Another challenge was content delivery – streaming assets asynchronously without affecting the frame rate. “Unity’s extensible Editor helped us build efficient tools to manage when and how content was loaded,” says Mathew.
Finally, while profiling the game across low-, mid-, and high-end devices to identify performance bottlenecks, the team identified key issues like excessive collision calls and high-poly models, especially for lower-end GPUs.
“Optimizing those brought both performance gains and helped resolve the overheating problems,” says Mathew.
- Increased the frame rate by 40 fps on low-end and 35 fps on mid-end Android devices
- Reduced the amount of draw calls by 40% on iOS and 45% on Android devices
- Dropped the RAM usage by 30% on iOS and 15% on Android devices
- Decreased the non-network processing load time by 55%
- Shrunk the number of meshes with over 10,000 triangles from 33 to 0
- Cut the number of meshes with 5,000 to 10,000 triangles from 324 to 235
- Lowered the light count by 67%
When the team encountered performance issues, they turned to profiling tools for deeper insight.
“Unity Profiler markers were especially helpful for tracking multi-frame tasks,” says Kevin Johnson, software engineer at Jam City. “I also used the Profiler Analyzer for comparisons.”
Andrea Ramirez, another engineer, extended the analysis using binary log files to capture specific frame snapshots. “That let us analyze performance without needing the profiler live,” she explains.
The team customized the Profiler further, adding disposables to streamline triggering and logging. Beyond CPU profiling, they monitored memory with the Memory Profiler and resolved rendering issues using the Frame Debugger. Profiler Recorder allowed them to track global performance stats during repeatable tests.
“One of the engine’s biggest strengths is how extensible the Editor is,” Ramirez adds. “By capturing multi-frame snapshots and scripting tests, we gathered consistent, reliable performance data.”
Profiling revealed major performance spikes at level start, primarily caused by shader compilation when assets appeared for the first time. Using Addressables, the team identified duplicate assets triggering unnecessary shader compiles.
“We preloaded UI elements and game pieces earlier,” says developer John Enney. “Improperly grouped asset bundles were a key issue, which caused repeated shader compilation – something I initially overlooked.”
Early on, they integrated Quick Outline to add piece highlighting quickly. While it introduced some overdrawing – extra rendering overhead – optimizations allowed them to keep it without a full rewrite.
Audio also contributed to performance spikes. “Each game piece triggered its own collision sound,” Enney explains. “That worked fine initially, but with 300 pieces dropping simultaneously, frame times spiked to 500ms. Replacing those multiple sounds with a single ambient drop sound reduced that to 20-30ms – and it actually sounded better.”

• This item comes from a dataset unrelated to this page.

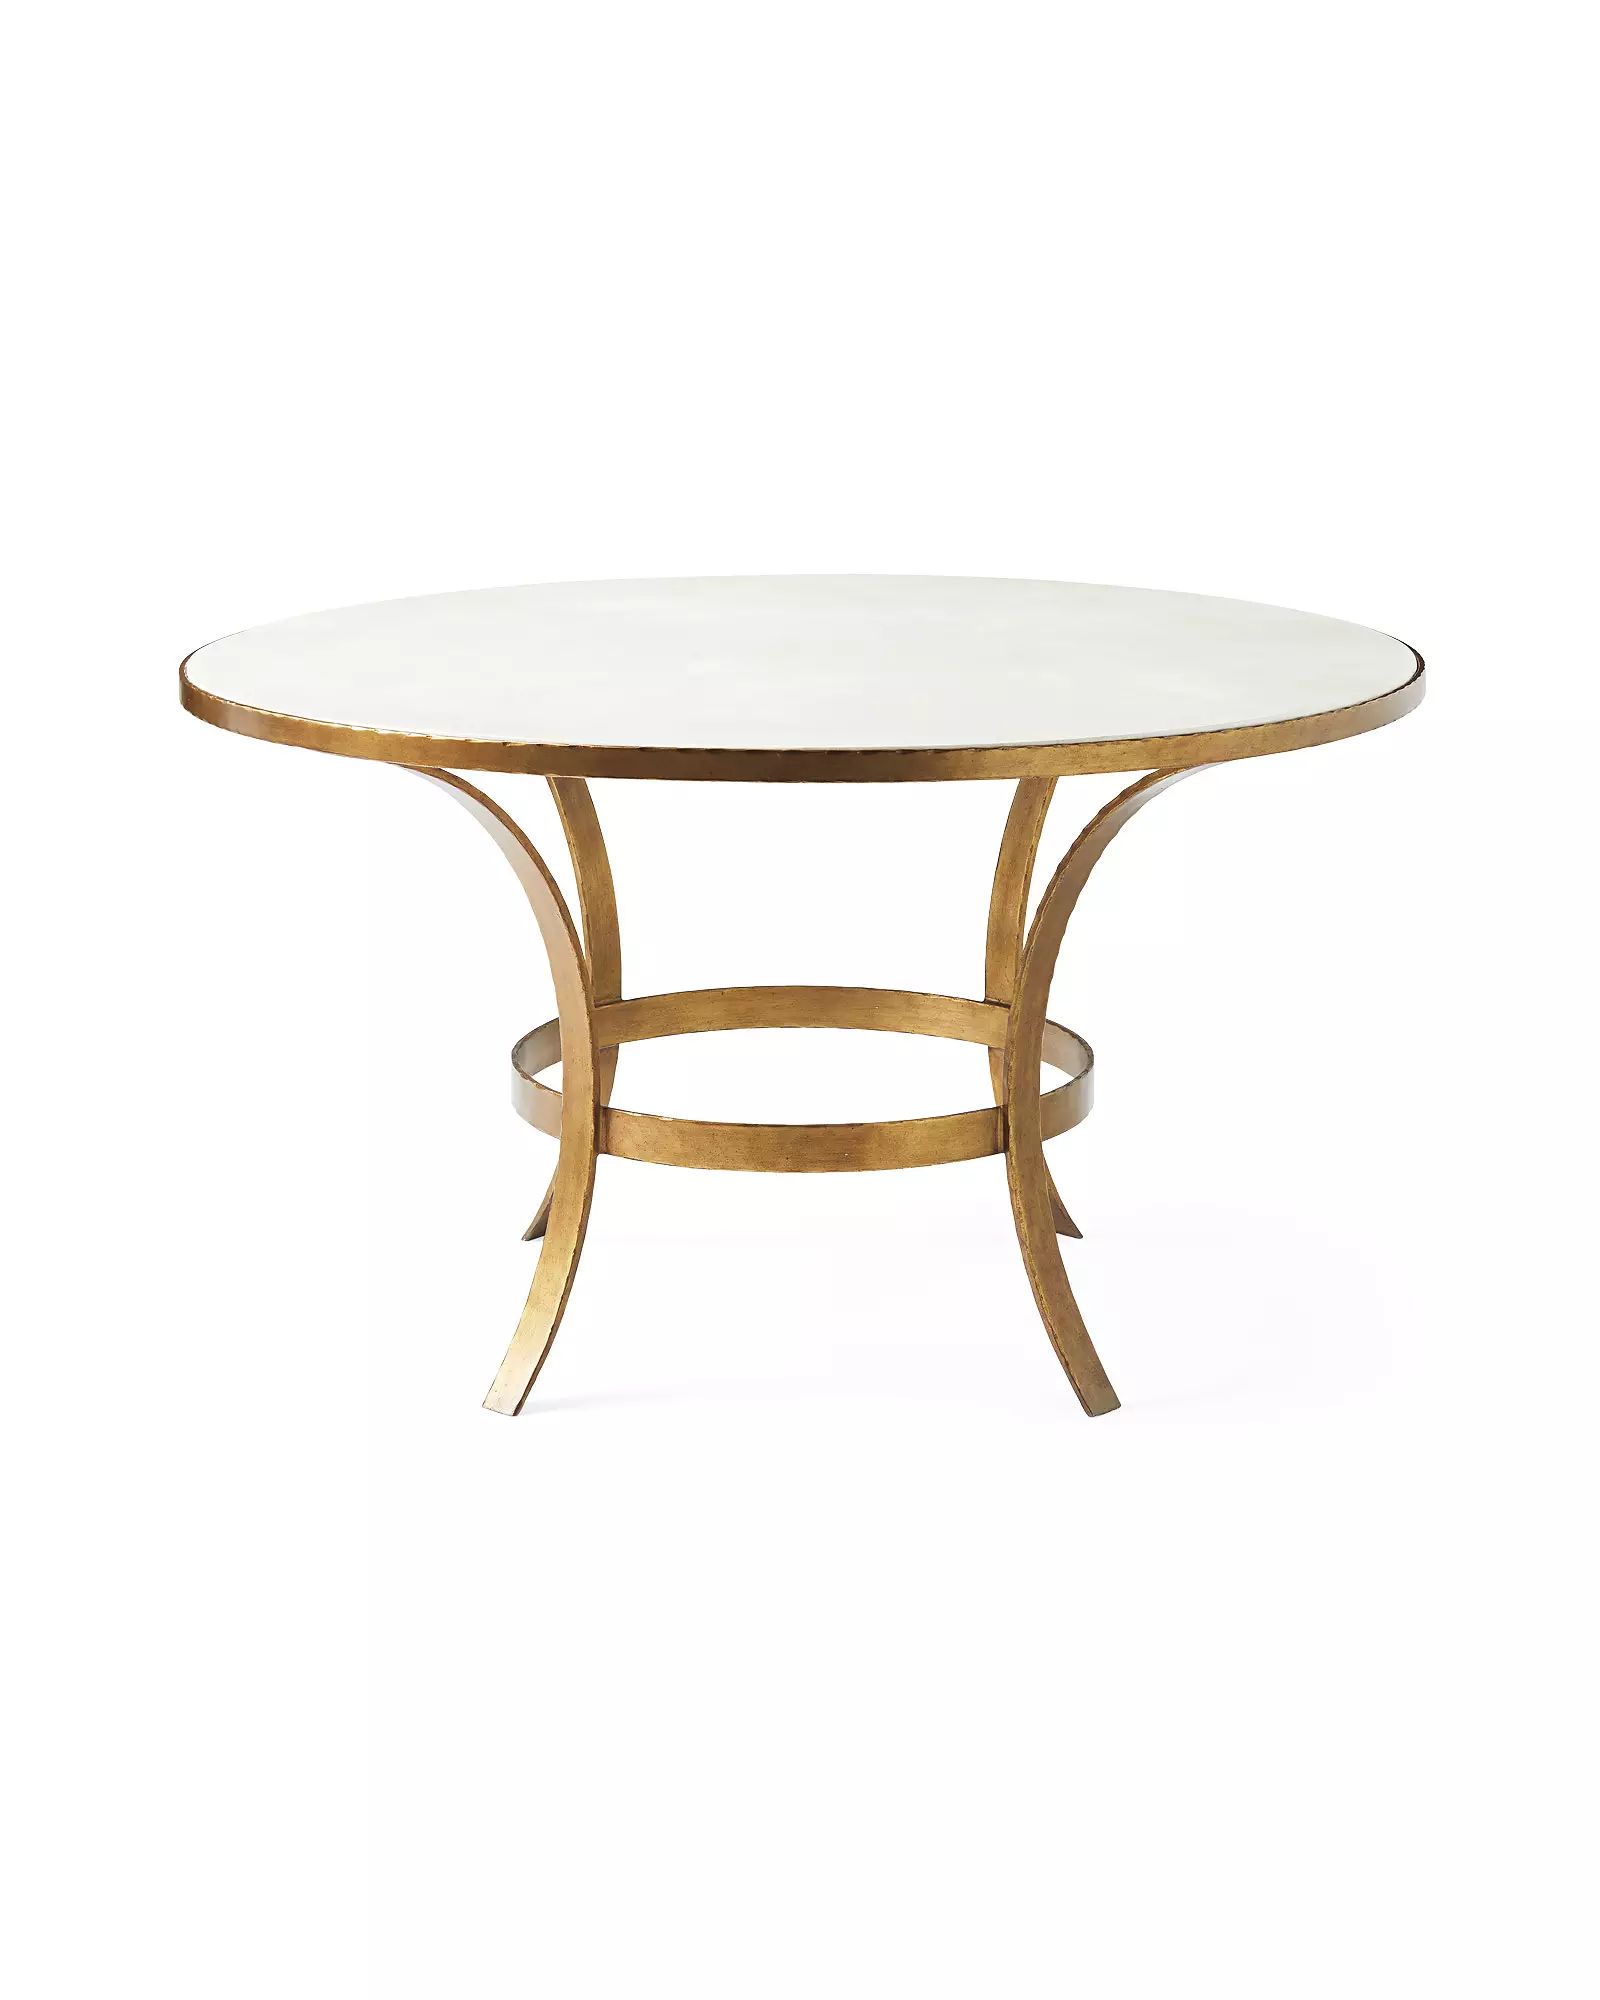 St. Germain Stone Dining Table | Serena and Lily

Haptic feedback required fine-tuning as well. “We limited haptic calls during mass collisions,” says tech director Troy Lee. “Applying this restraint improved performance consistently throughout the game.”
Lighting presented another challenge. Although deferred rendering improved performance, it conflicted with artistic goals. “Forward rendering struggles with multiple lights because it requires expensive passes per object,” explains Ramirez. To balance quality and efficiency, Enney developed a baked lighting solution that preserved visual fidelity while enhancing runtime performance.

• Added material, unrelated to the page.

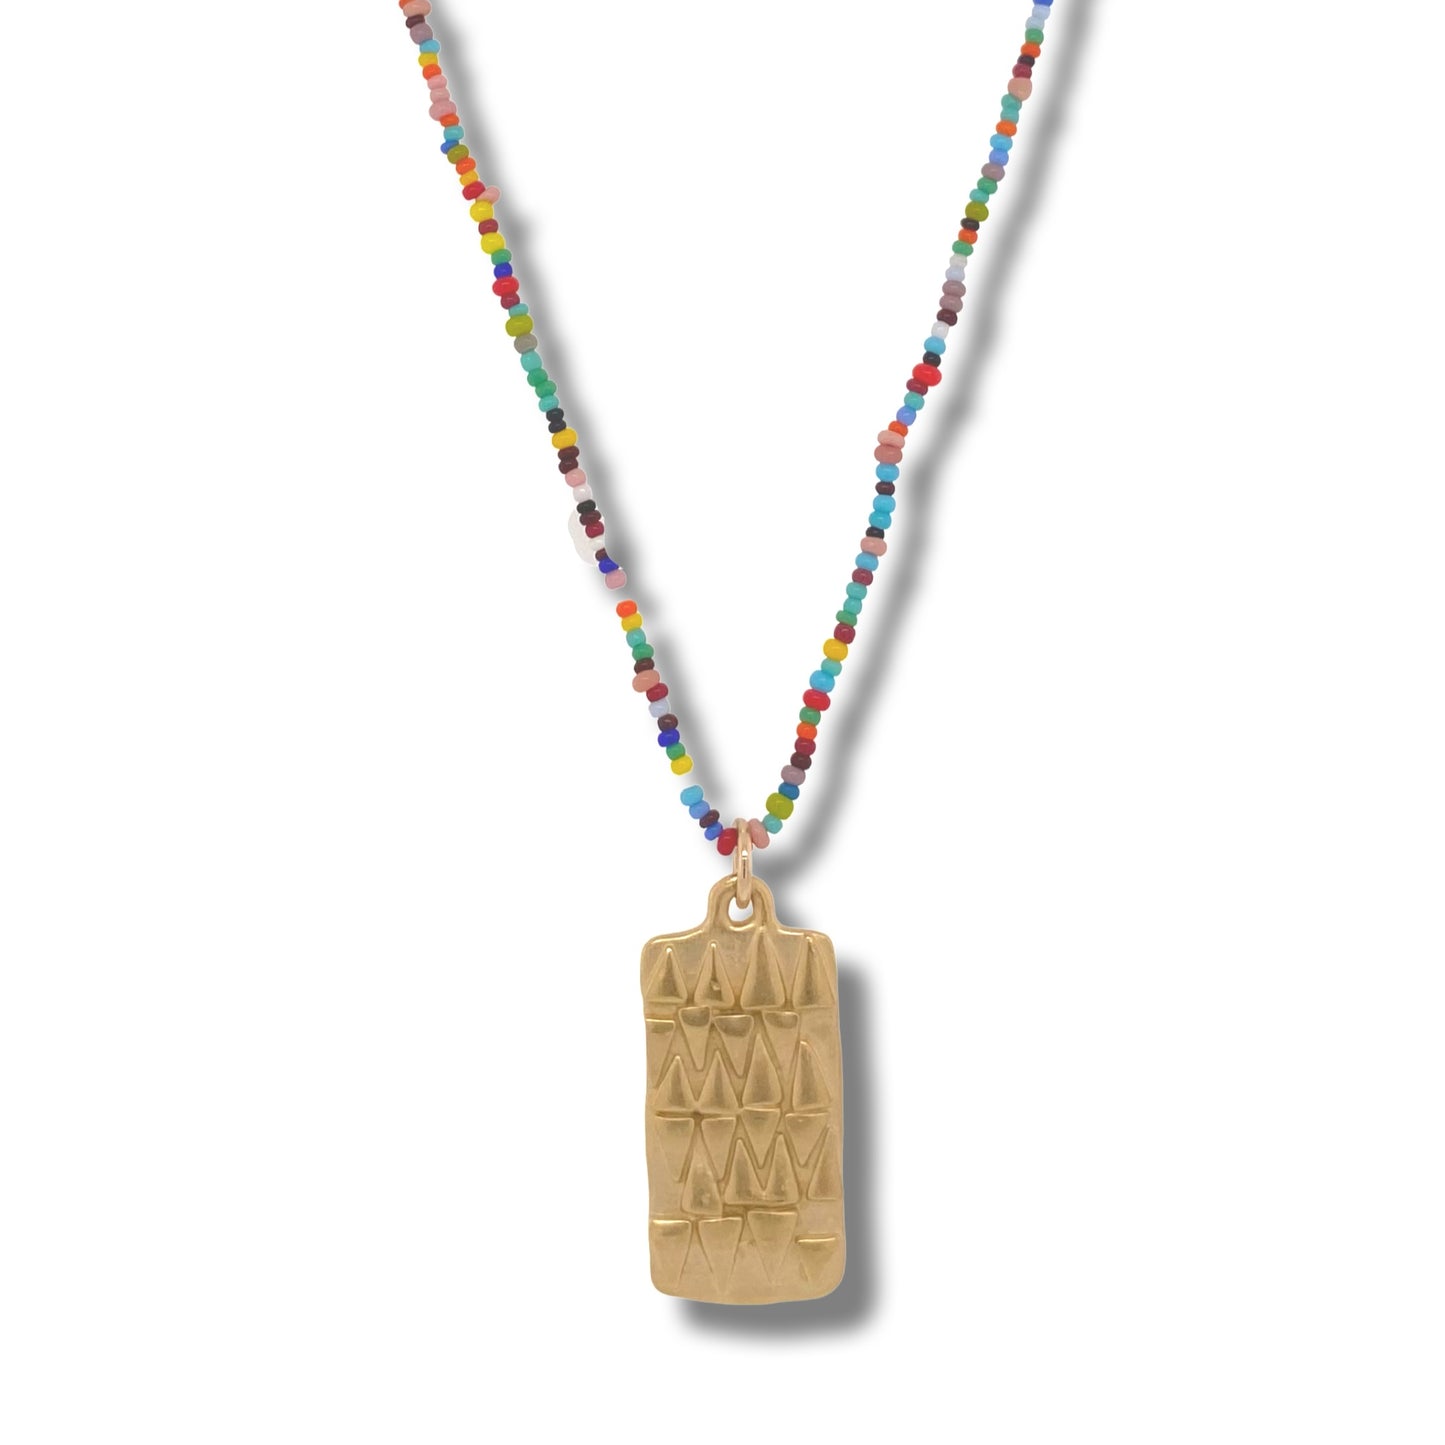 Tribal Vertical Necklace on Multicolor Beads | Nalu | Nantucket

Geometry complexity was also a concern. “Our initial models exceeded 10,000 triangles,” says lead technical artist Kristen Weeks. “We reduced most models to under 2,500 triangles to ensure good performance on lower-end devices.”
Early on, asset loading and system initialization involving web calls caused major issues. To avoid slowdowns during gameplay or UI interactions, the team initially loaded all assets upfront. However, as the game’s features and assets expanded, startup times became excessively long.
They optimized by moving some assets to load asynchronously in the background, reducing initial load times while maintaining a smooth in-game experience. They also parallelized loading tasks using .NET’s task system, and these improvements alongside native asset bundle loading brought significant gains.
Network latency, especially during the initial load, also impacted performance. To tackle this, the team switched from Unity coroutines to C# async/await for network calls, reducing latency. “We also optimized JSON deserialization by replacing Newtonsoft’s reflection-based approach with code generation, improving performance,” says Johnson.
Instantiation costs further affected initial load times, with a noticeable delay – about half a second on mid-range devices – due to the game creating many UI and background prefabs immediately after launch.
“A big part of the cost was heavy Awake() initialization on many objects,” Johnson explains. “We optimized instantiation by disabling objects upon creation and enabling them only when needed. We also deferred or staggered instantiation rather than doing it all at once, which reduced visible latency.”
To measure performance more precisely, the team used System.Diagnostics.Stopwatch to time instantiation intervals and instrumented various parts of the code.
Despite these optimizations, real-world network quality still impacts load times. To address this, the team is experimenting with lazy loading – shipping the game with all configs and allowing players to enter immediately while updating configs asynchronously in the background. “Early tests look promising, but we’re cautiously monitoring live results,” says Mathew.
During performance optimization, the team noticed that some lower-end devices showed minimal improvement. They discovered that these devices predominantly used Mali GPUs, which struggled to handle the game’s target item counts effectively. However, they were able to maintain the 60 fps target across all device tiers.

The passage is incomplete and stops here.